C’est à un beau programme dans le style français que nous conviait l'Orchestre de la Suisse Romande en offrant les Valses nobles et sentimentales de Ravel , le très beau concerto Tout un monde Lointain pour violoncelle d'Henri Dutilleux, avec Truls Mørk en soliste, puis les Arcanes Symphoniques du suisse Richard Dubugnon, et pour finir, La Mer de Claude Debussy.

Truls Mørk © Morten Krogvold - Virgin Classics
Truls Mørk
© Morten Krogvold - Virgin Classics

La première valse est menée tambour battant avant l’entrée de la flûte aux couleurs bleutées, sous la direction amples et aux gestes délicats de Jonathan Nott, futur directeur musical et artistique de l’Orchestre de la Suisse Romande dès la saison 2016-2017. Dans une très belle ambiance de rêverie éveillée à laquelle nous convie ce Ravel délicat, l’Orchestre de la Suisse Romande fait resplendir les différents timbres de ses vents ductiles, de ces cuivres racés, sur le velours de cordes pléthoriques.

Le concerto pour violoncelle d’Henri Dutilleux Tout un monde lointain, offre au magnifique Truls Mørk l’occasion de nous ravir de sa vision de la pièce avec un violoncelle aux couleurs diaphanes… Passant d’aigus splendides, sur la brèche, à des graves boisés, la partition soliste parcourt la totalité de l’ambitus de cet instrument dans une vision totalement investie, soulignant la poésie distillée par ces longues phrases étirées et relayées par un Orchestre de la Suisse Romande totalement inspiré. Cette musique tout en ombres chinoises, donne cette impression d’une gangue orchestrale dense d’où le violoncelle solo émerge de manière fluide et subtile. L’œuvre, quoique très moderne, offre à entendre une sensibilité qui convient bien aux autres ouvrages qui la côtoient…  de ces touches impressionnistes, on y entend un discours clair, sensible, tantôt énergique, tantôt suave de la part du soliste relayé par un Orchestre de la Suisse Romande aux aguets, comme l’Hymne l’aura vigoureusement démontré, pour finir dans un léger bourdonnement jusqu’à l’évanouissement de ce violoncelle somptueux. Emotion, émotion !

C’est dans un bruissement de vents que la Roue de la fortune ouvre cette belle sélection d’Arcanes Symphoniques du suisse Richard Dubugnon, compositeur né en terres vaudoises.  Saisissants, ces cors pavillons en l’air pour la Force, enchaînant subito avec les solistes des cordes. L’Amoureux offrira de beaux passages à l’élégant violon solo, et le Soleil fera entrevoir une vision mortifère et inquiétante d’un soleil dévastateur, distillant une sécheresse délétère sur des cuivres acérés… Une bien belle découverte.
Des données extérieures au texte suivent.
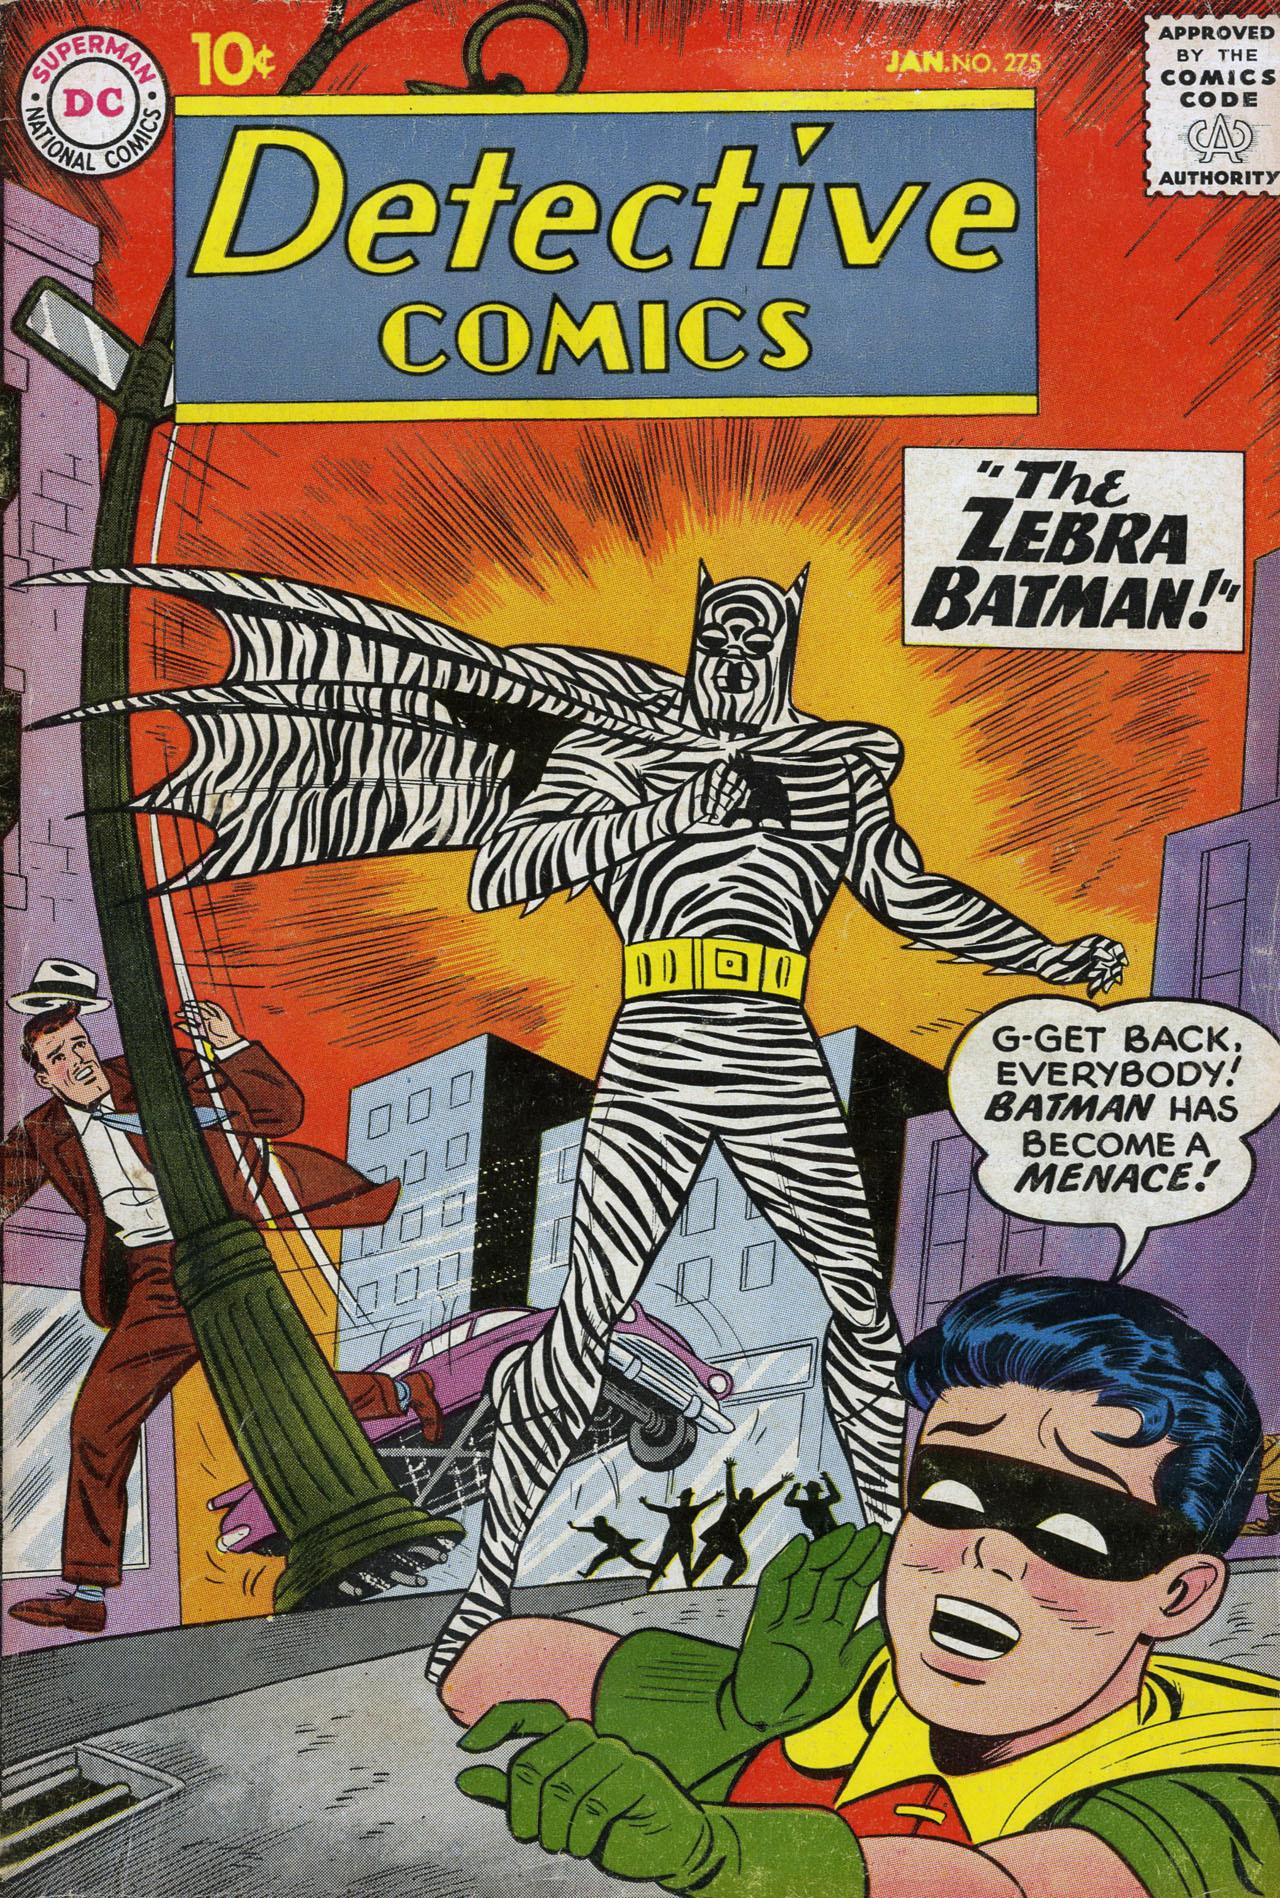 comicbookcovers:  Detective Comics #275, January 1960, cover by Sheldon Moldoff  BATMAN has become a MENACE! A fabulous, fabulous menace.

Jonathan Nott © Thomas Muller
Jonathan Nott
© Thomas Muller
C’est avec la splendide Mer de Claude Debussy, œuvre phare du répertoire d’Ernest Ansermet et Armin Jordan, que les musiciens du Romand ont, pour ainsi dire, puisé dans leur disque dur afin d’offrir ces visions de l’onde. Ici, tout palpite, tout frémit, tout vit, véritable ode à la Nature vibrante. Musique descriptive, on y entend le ressac, les vagues se briser sur la rive. Le deuxième mouvement, particulièrement bien restitué grâce au jeu subtil des vents, nous décrit bien les jeux de lumière sur l’élément amer, quant au dialogue du vent et de la mer, il offre avec énergie ce tableau puissant et resplendissant de l’élément originel !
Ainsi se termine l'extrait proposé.